1. Keeps it out of stuff.

2. Keeps it from breaking off. 

Jonathan likes to rip at Mikey's face hair, so I often keep Mikey's face banded. 

Multiple bands in the top knot is just practicality. When it gets to a certain length, you need to band multiple sections to hold it all back.

Wrapping, if the dog leaves them in and it is done right, encourages coat growth because it saves the ends of the coat. Many dogs like it and don't mind it at all as it is sort of like a puppy cut without the clipping. For many show dogs who damage their hair running around, wrapping protects it. 
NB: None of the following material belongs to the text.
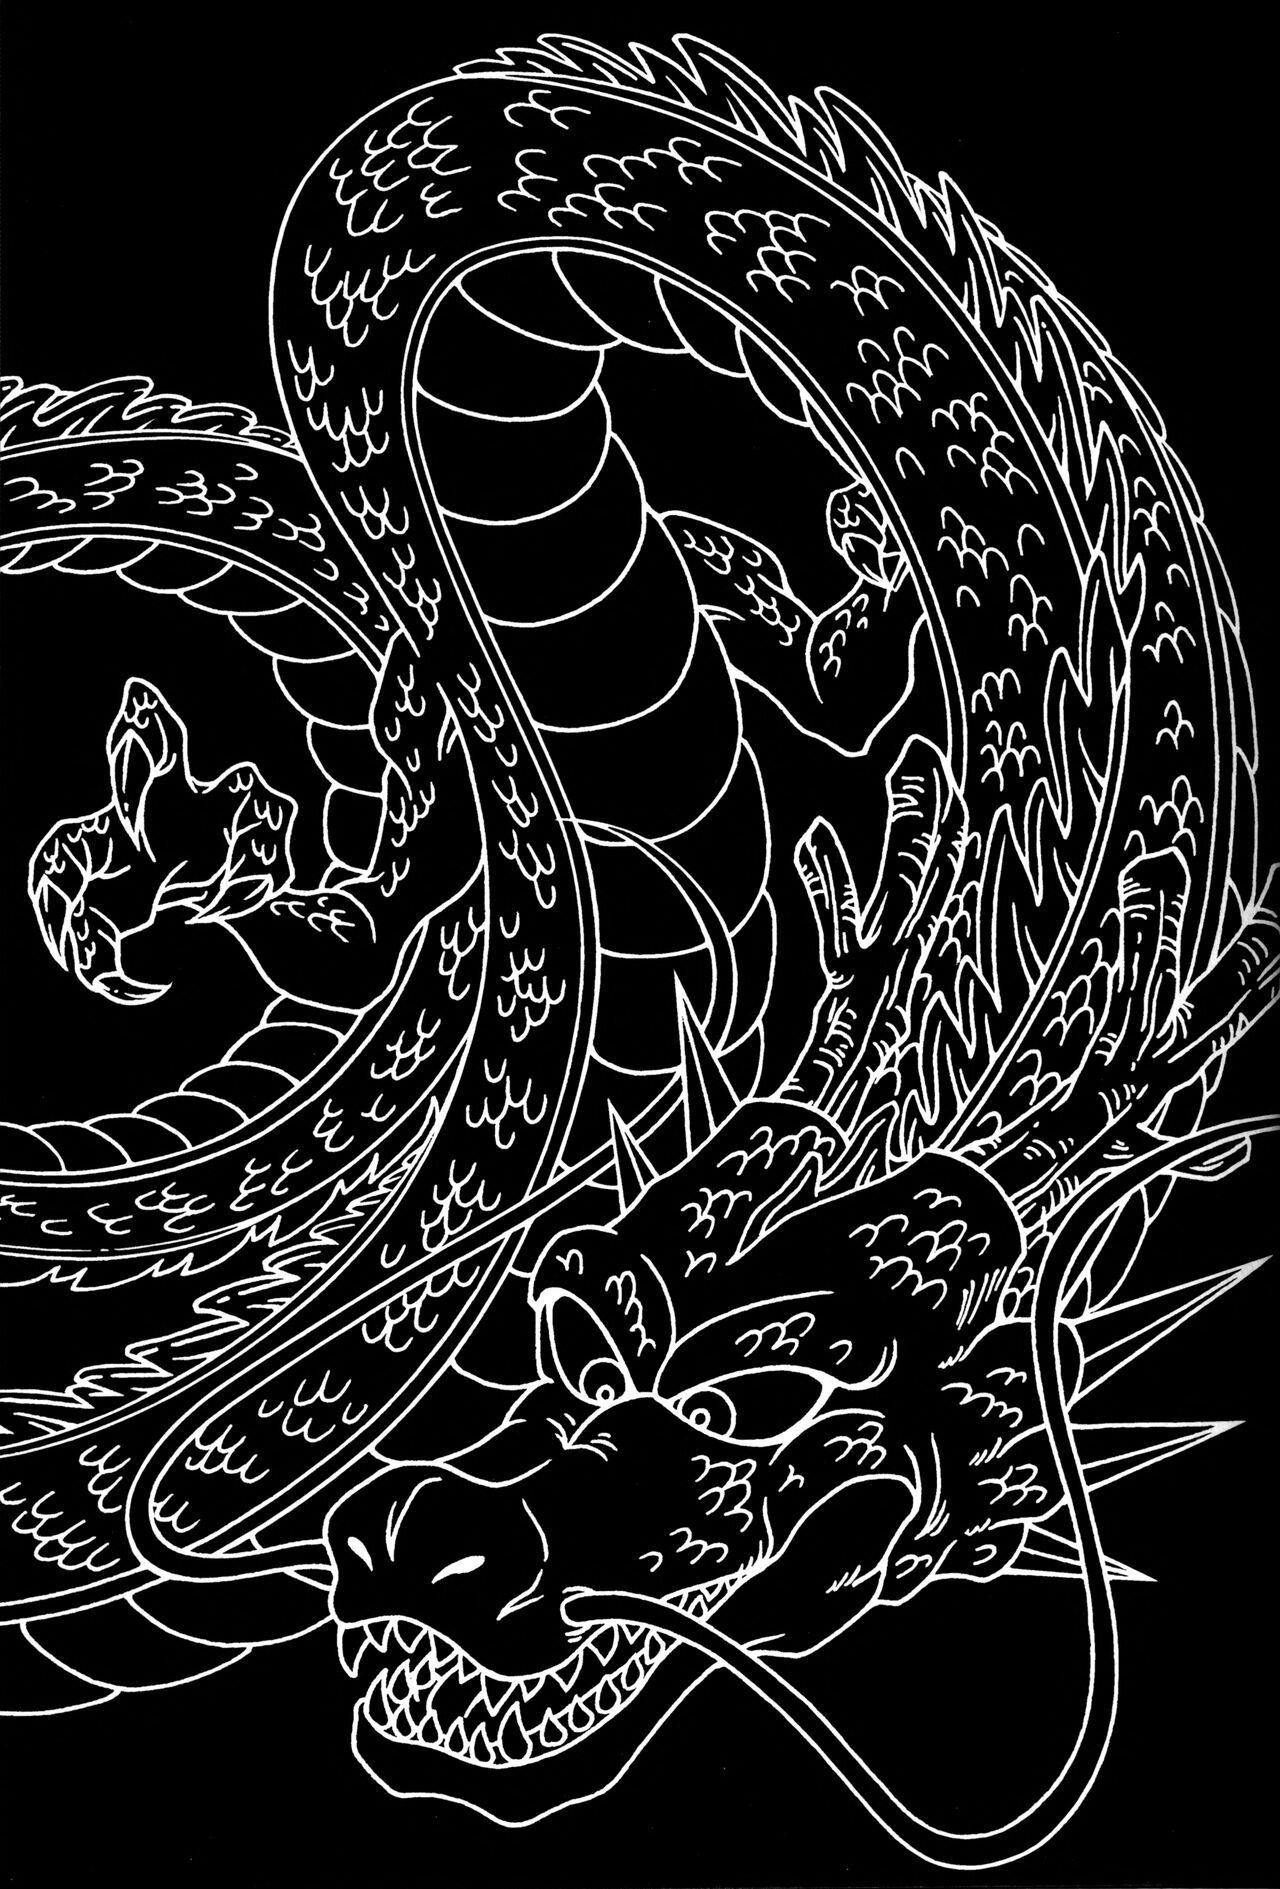 Olderwoman Dragonball Fan Book SPECIAL - Dragon ball z Cdmx - Page 2

Lemme get a picture of M partially wrapped...










Back half of him wrapped from a few years ago.


----------



## lovemytobi (Apr 21, 2005)

> _Originally posted by JMM_@Apr 27 2005, 10:42 AM
> *Banding the face hair does two things:
> 
> 1. Keeps it out of stuff.
> ...


[/QUOTE]




Thank you so much for the information. This is very interesting to me.


----------



## FannyMay (Nov 18, 2004)

Jackie, I think she wanted to see a picture of Mikey's face with the rubber bands on it. I know I have seen that one somewhere. Can you post that one? I think he might have had a french braid for a top knot too but I could be wrong.


----------



## jmm (Nov 23, 2004)

Banded top knot and face


----------



## Holliberry (Feb 5, 2005)

awww how gorgeous! All grown up yet eating a magic marker (just like a true puppy)! sweet









Do you remove those bands every night? Or is this something you only do on bath day or when doing something special? do you ever leave them in at night? just curious.


----------



## dhodina (Apr 1, 2005)

JMM what is your suggestion for lip hair? I don't know what else to call it its right above his top lip and it gets stuck on his tongue when he gives kisses. Tunder is constantly licking and when his tongue is out you see it flat on his tongue.


----------



## jmm (Nov 23, 2004)

I change all bands and redo the top knot daily when I brush. They stay in all night. 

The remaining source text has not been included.